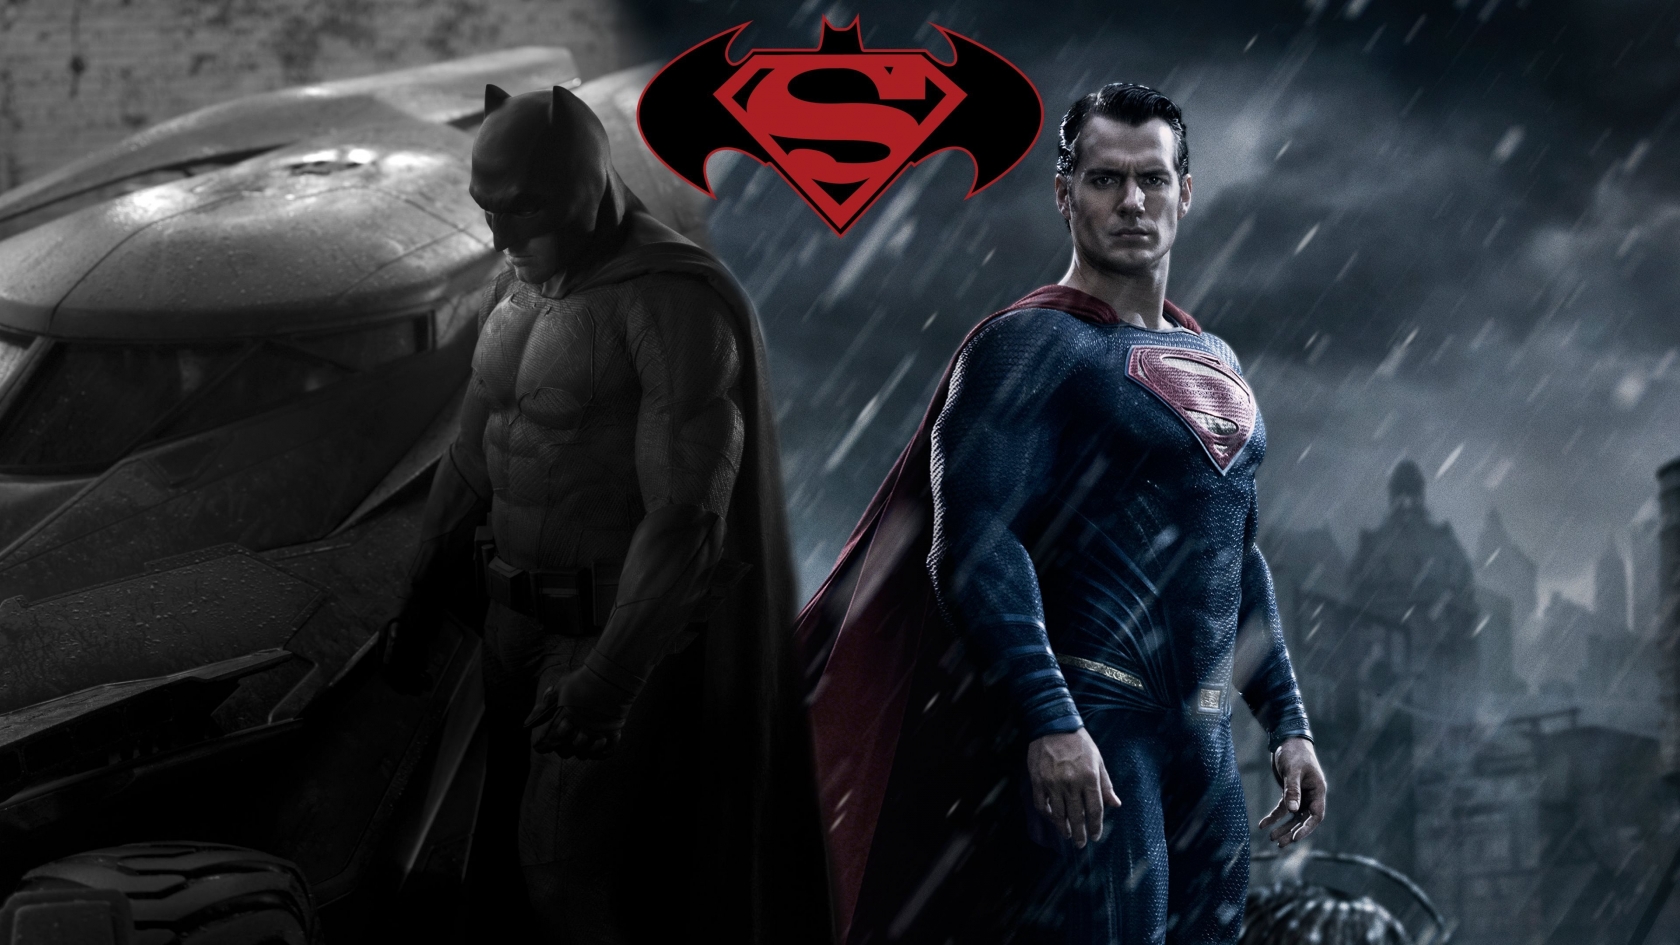 Batman vs Superman Fan Art for 1680 x 945 HDTV resolution
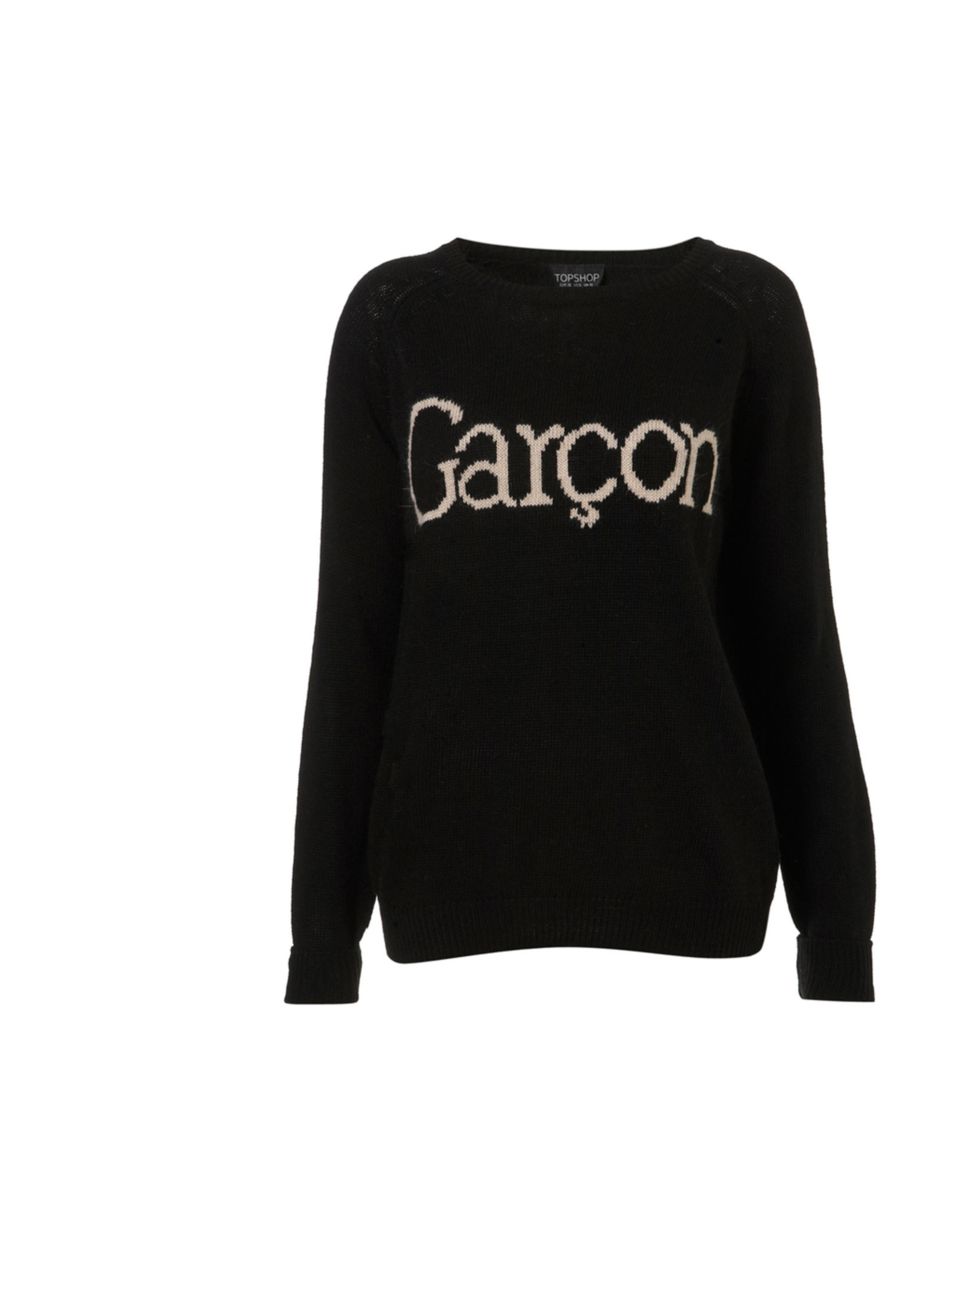 <p>Topshop 'Garcon' slogan sweater, £40</p><p><a href="http://shopping.elleuk.com/browse?fts=topshop+garcon">BUY NOW</a></p>
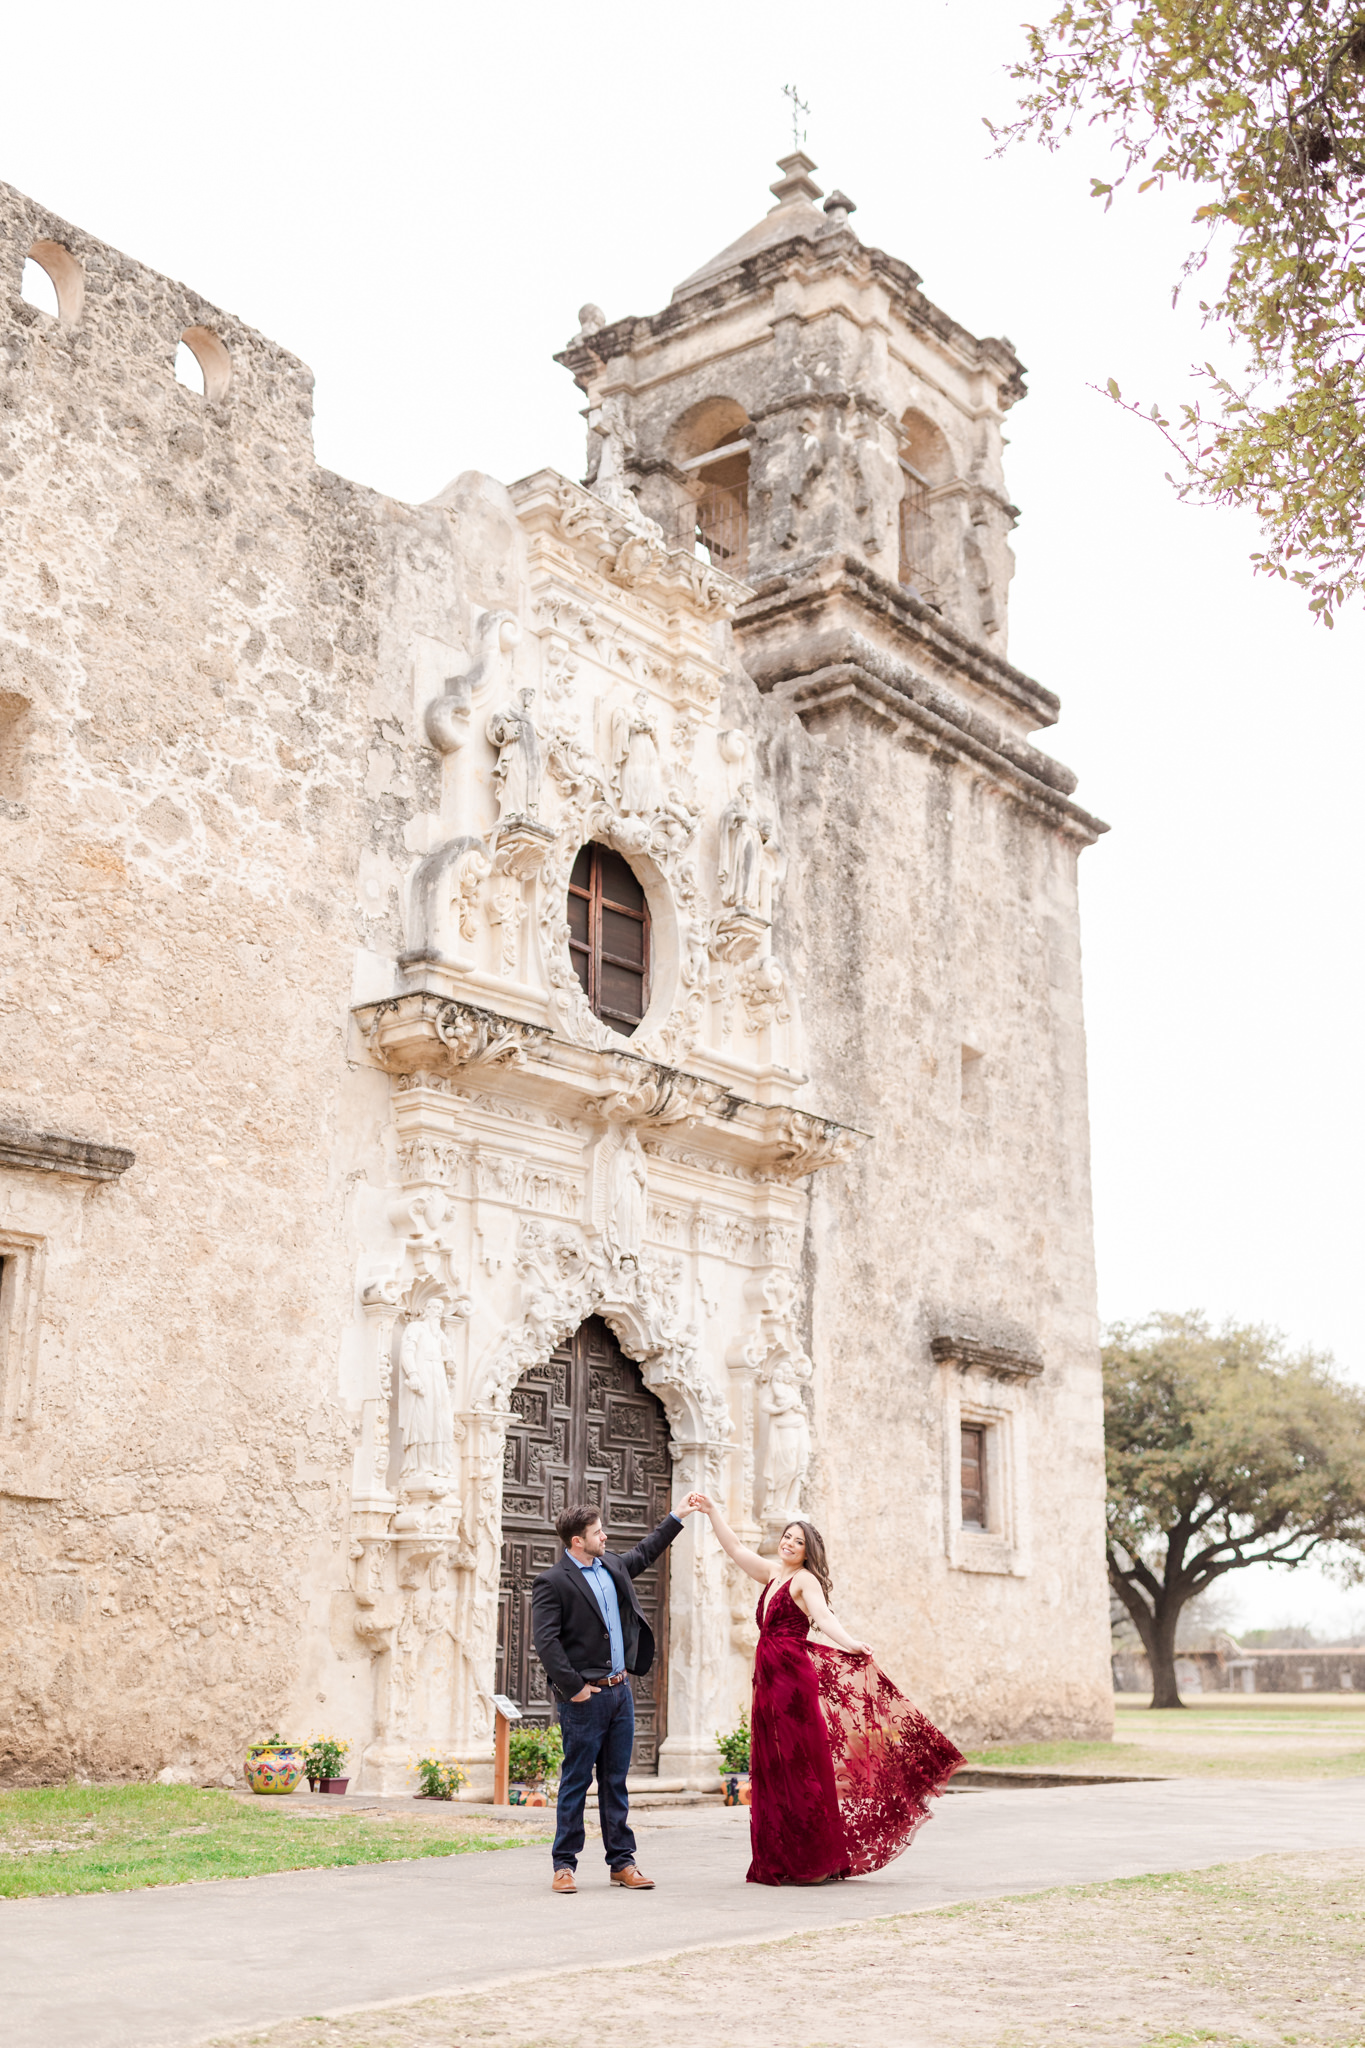 An Engagement Session at Mission San Jose in San Antonio, TX by Dawn Elizabeth Studios, San Antonio Wedding Photographer

■ Task description:
Copy the data character for character, but drop all pictures from the copy.

■ Answer to the problem:
 Batman vs Superman Fan Art for 1680 x 945 HDTV resolution
 <p>Topshop 'Garcon' slogan sweater, £40</p><p><a href="http://shopping.elleuk.com/browse?fts=topshop+garcon">BUY NOW</a></p>
 An Engagement Session at Mission San Jose in San Antonio, TX by Dawn Elizabeth Studios, San Antonio Wedding Photographer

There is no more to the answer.